A quick PSA to aspiring low-level Rust writers: the C ABI is dark and full of terrors. Today a friend and I made two uninformed assumptions about Rust's representation of types, and a world of sorrow followed. Thankfully, our errors were pretty minor and easy to deal with.

Lesson 1: Learn Your Rust representations

Rust has two neat little types for dealing with arrays: [A] and &[A]. The former represents the actual data: if I have an instance of [A] then I have some unknown number of instances of A in a row (if I knew how many I had at compile time,then I would just have an instance of [A; n] for some known number n). The latter represents a view of the data: if I have an &[A], then I have a pointer that points to some As in a row, along with a number which tells me how many As there are (again, if I knew how many there were at compile time, I would just have &[A; n] for some n).

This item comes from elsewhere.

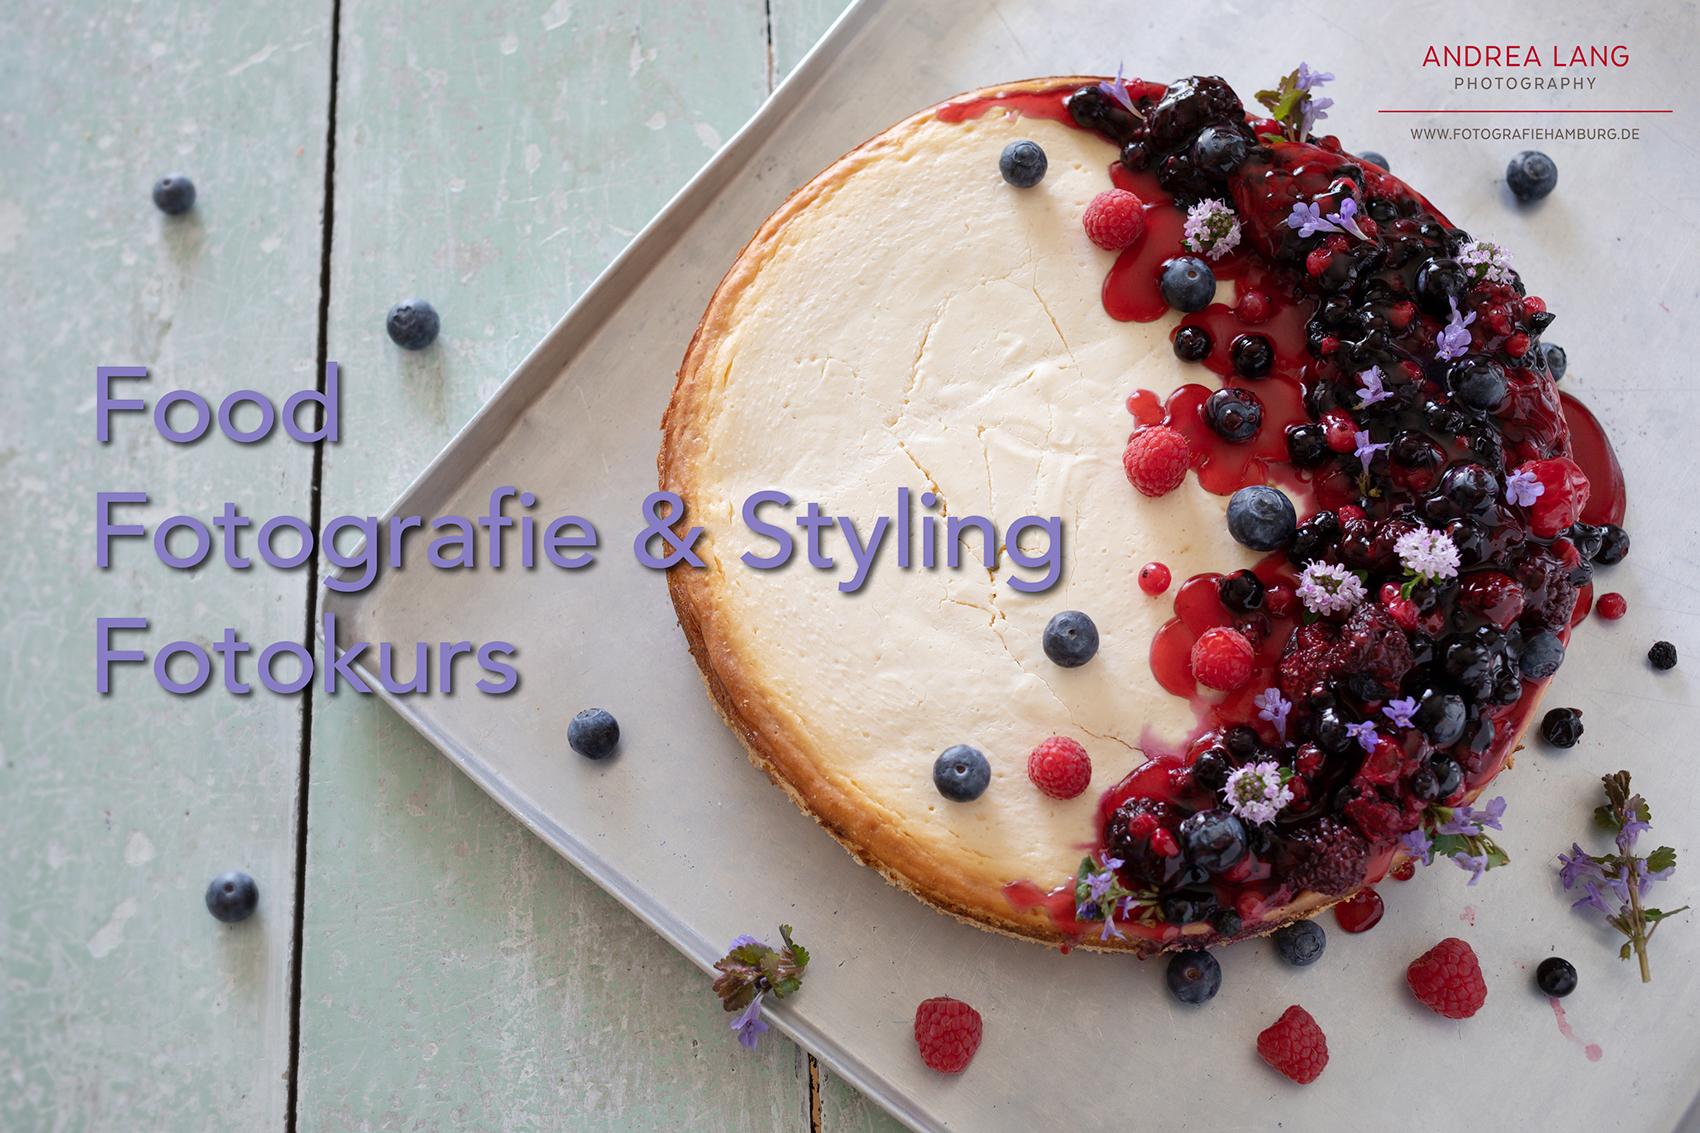 Food Fotografie & Styling Fotokurs

Now, if you're silly like me, when you see &[A] you think 'that must be a pointer to a thing! Clearly I can return it from a Rust function, and just treat it like a pointer-returning C function!'. In particular, maybe you think that if you type this in Rust:

extern "C" fn foo(x: Bar) -> &'static [Baz]
{
    //things
}

Then you can type this in C:

extern slice_t *foo(bar_t x);

Haha no.

Maybe you can see where I'm going with this: if an &[A] has a pointer and a size, then we're actually returning a struct, something like

#[repr(C)]
struct Slice<A> {
    data: *mut A,
    size: usize,
}

So clearly our C signature is terribly wrong: we're going to return a struct, then interpret it as a pointer!

Hahaha no. It's worse than that.

Lesson 2: Learn Your C ABI Optimizations

We noticed something weird was happening when we saw something like the following:

In C:

bar_t b = bar_maker(5);
printf("%d\n", b.some_field); // prints 0xdeadbeef
foo(x);

In Rust:

extern "C" fn foo(b: Bar) -> &'static [Baz]
{
    println!("{}", b.some_field); //prints 0xf00d1234, what!?
    //things
}

What was going on?

When you were learning C, you probably noticed that no-one actually returns things, they just mutate things through some pointers they get given as arguments. No-one just returns structs directly from functions! But if you do, and you're on the right architecture, and if you've been very good, the C ABI has a nice little present for you: it will silently add a pointer parameter to the start of your parameter list, and expect your function to write its' output to that pointer.

So, this is what we told C our Rust function was:

extern slice_t *foo(bar_t b);

This is what Rust thought C thought our function was:

extern void foo(slice_t *slice_ret, bar_t b);

So all those times we called foo(x) from C, Rust would find some random stuff on the stack after b, assume that that that was our b: Bar instead, and then write complete garbage to wherever b 'points to'... and unsurprisingly fault!

The solution is the same in both cases: accurately present the function signature. It turns out if you write the following signature in C, it gets the same magical C ABI trick as our Rust function, which makes all the registers and stack variables line up:

extern slice_t foo(bar_t x);

Yep, the only difference between this super correct signature and our original super silly one is a single, lonely '*'.